Si donc, les « mêmes causes, produisent les mêmes effets », il s’avère impérieux, pour la paix et la cohésion sociale, que l’Etat de Côte d’Ivoire créé les conditions idoines pour la démocratisation du processus électoral, avec la réintégration de Laurent Gbagbo, de Guillaume Soro et de Charles Blé Goudé, sur l’actuelle liste électorale provisoire qui sera affichée dès le 30 mai prochain.

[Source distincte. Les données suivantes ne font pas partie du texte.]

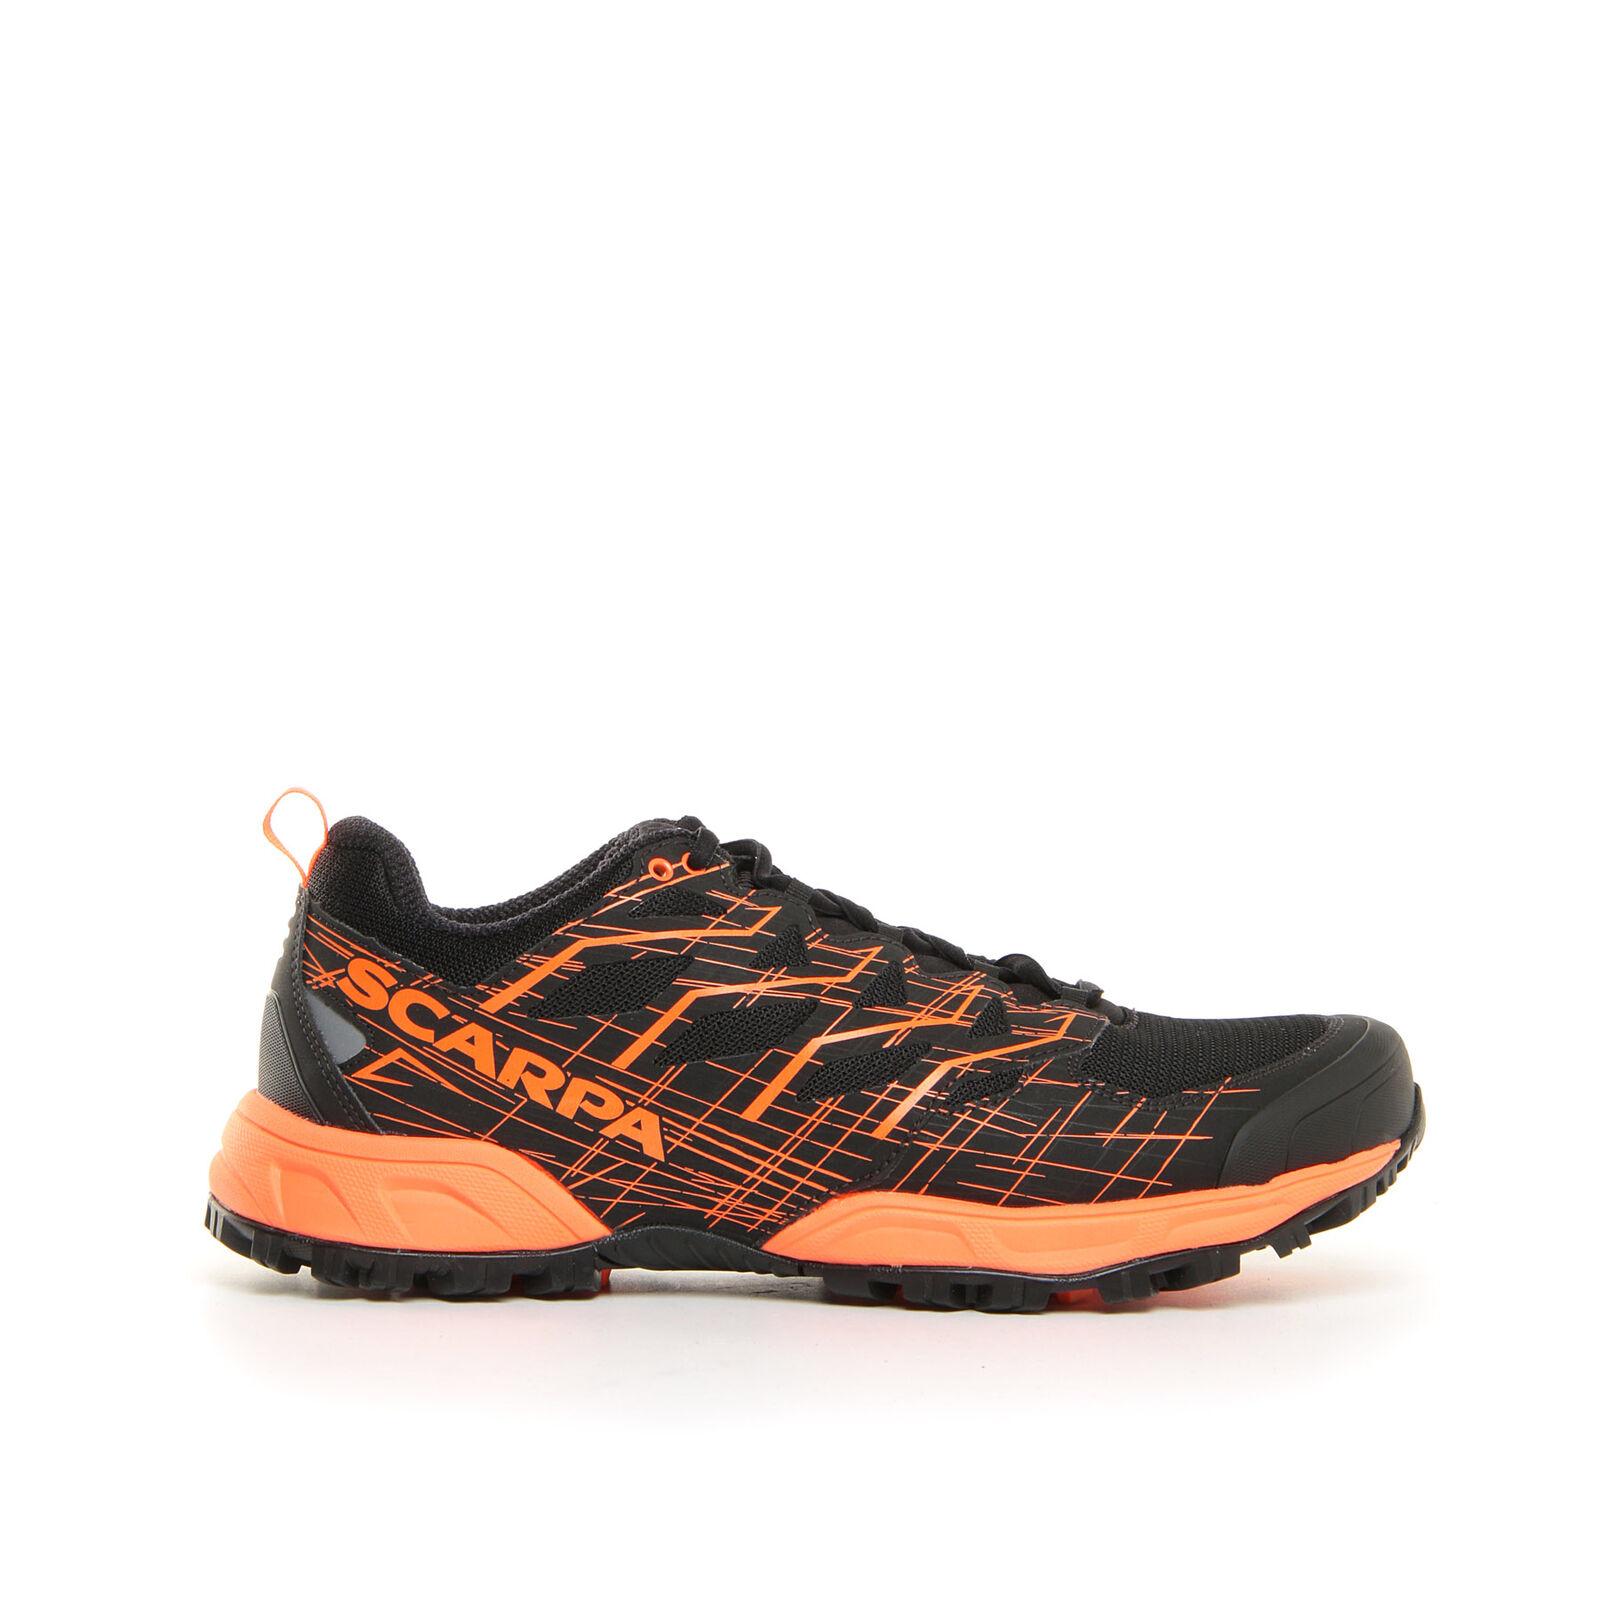 SCARPA NEUTRON 2 shoes TRAIL RUNNING men 33036 350

En attendant que le Gouvernement Ivoirien ne lâche du lest et que le Saint Esprit visite les âmes et la conscience des dirigeants du pays, le PPA-CI de Laurent Gbagbo, hic et nunc «exige le rétablissement immédiat du droit de vote du Président Laurent GBAGBO en l’inscrivant sur la liste électorale conformément à la décision de la CADHP du 25 septembre 2020 » et « rend le gouvernement entièrement responsable des risques de troubles que la décision de rejet de l’inscription du Président Laurent GBAGBO fait courir au pays. »

Le Gouvernement Ivoirien saura t-il préserver la paix et créer les conditions d’une élection présidentielle sans violence et sans contestation ?

La question reste entière, étant donné que du côté du RHDP, il s’agit de « tout boucler » et de « tout gérer » sans les poids lourds de l’opposition Ivoirienne, aux fins de s’assurer une victoire écrasante au soir des élections présidentielles de 2025.